▶ _Raw data_:

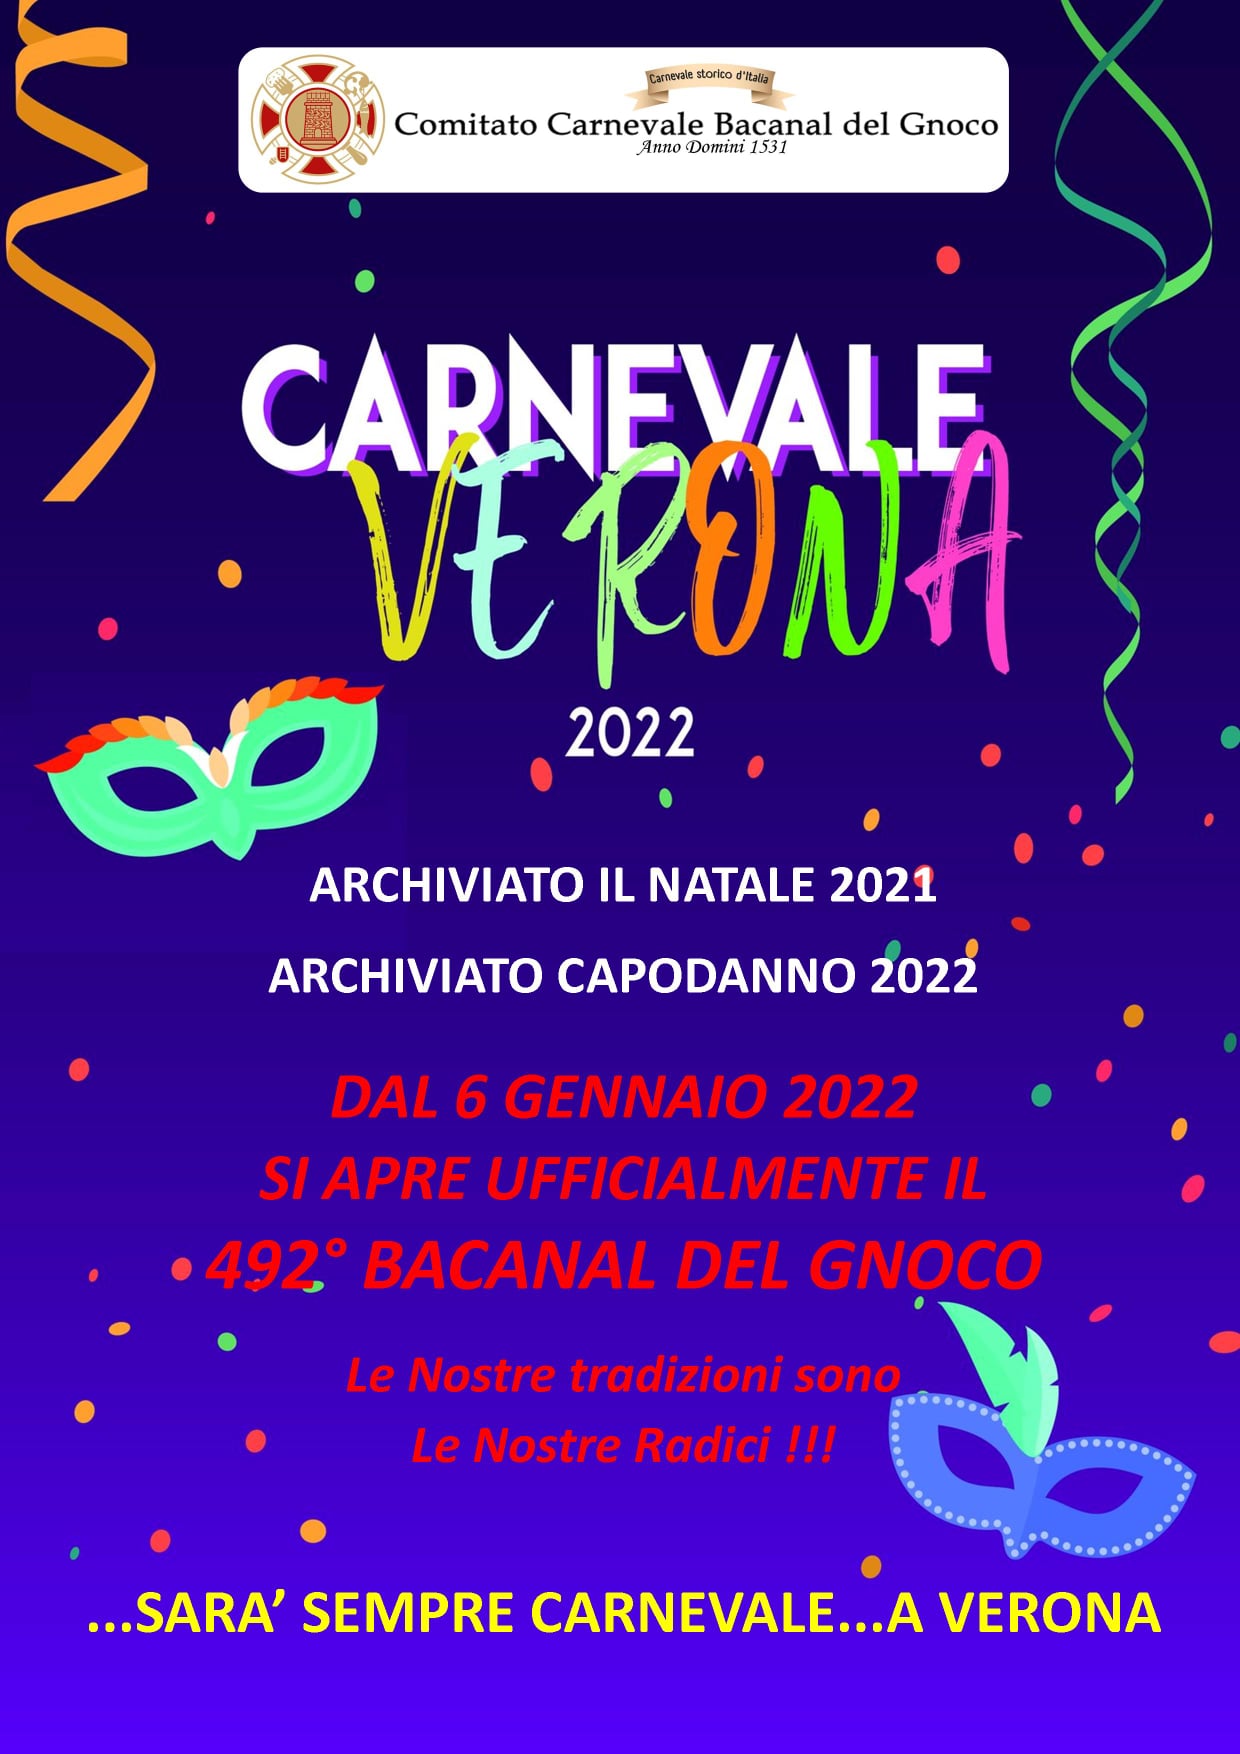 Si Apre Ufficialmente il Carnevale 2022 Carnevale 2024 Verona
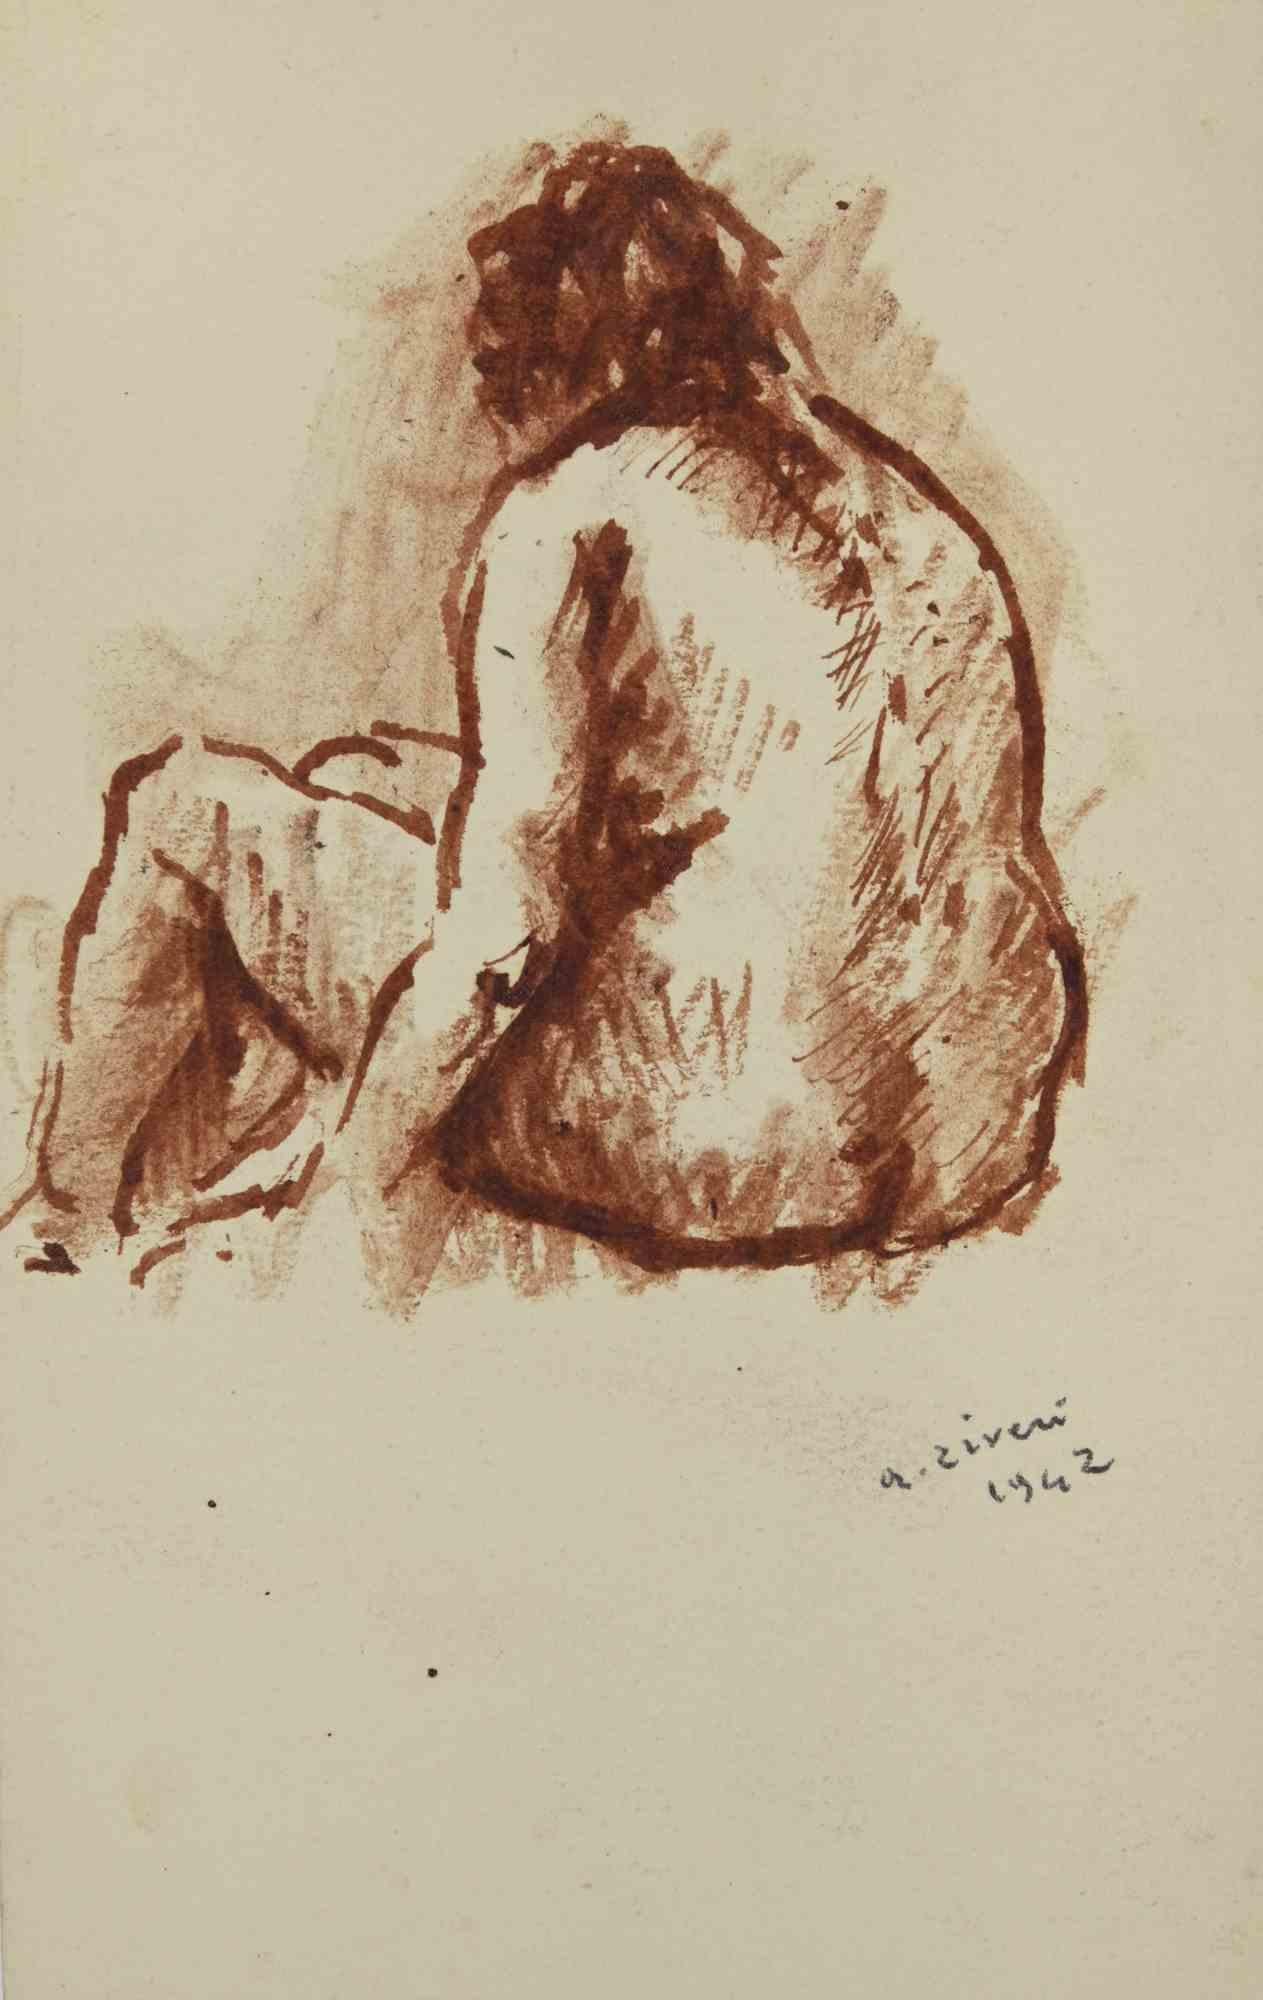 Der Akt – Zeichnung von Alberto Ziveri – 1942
---
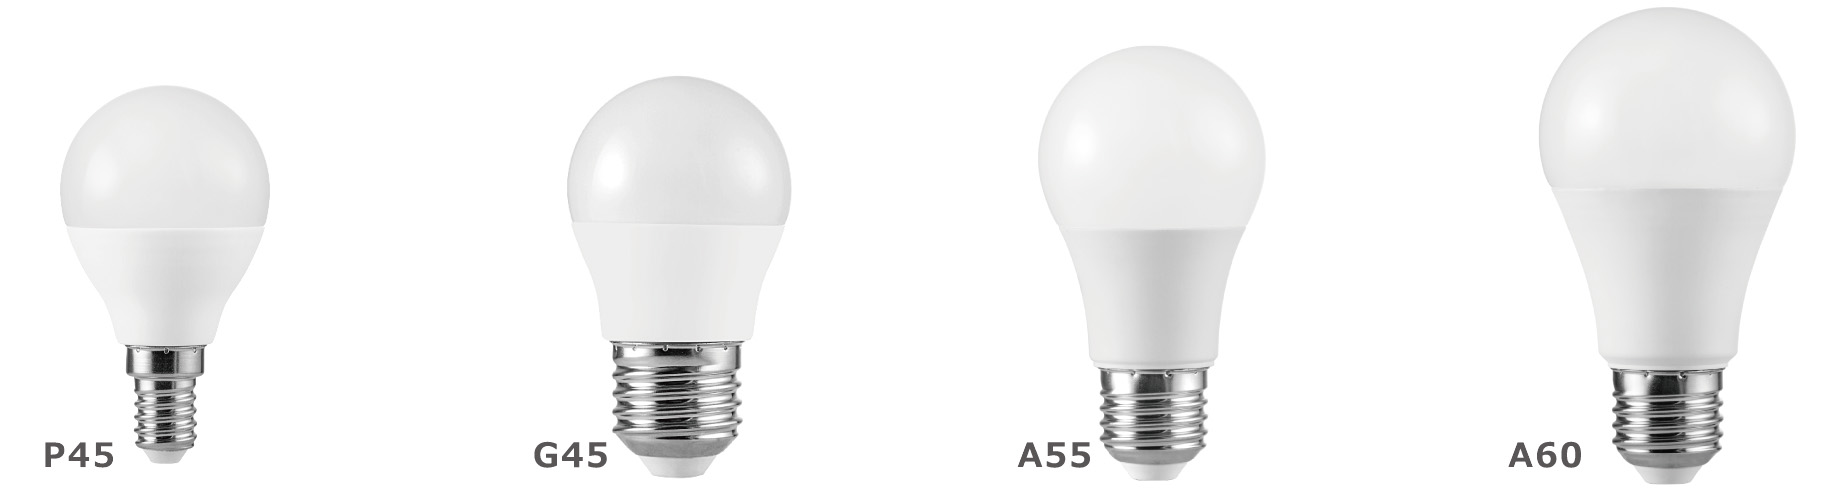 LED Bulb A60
==
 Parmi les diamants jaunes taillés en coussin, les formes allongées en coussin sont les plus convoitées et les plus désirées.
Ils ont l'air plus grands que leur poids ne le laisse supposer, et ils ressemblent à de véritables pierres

▶ _Work instruction_:
Counting only lines that hold the word "plus", say how many there are in the listing above and add nothing.

▶ _Your response_:
2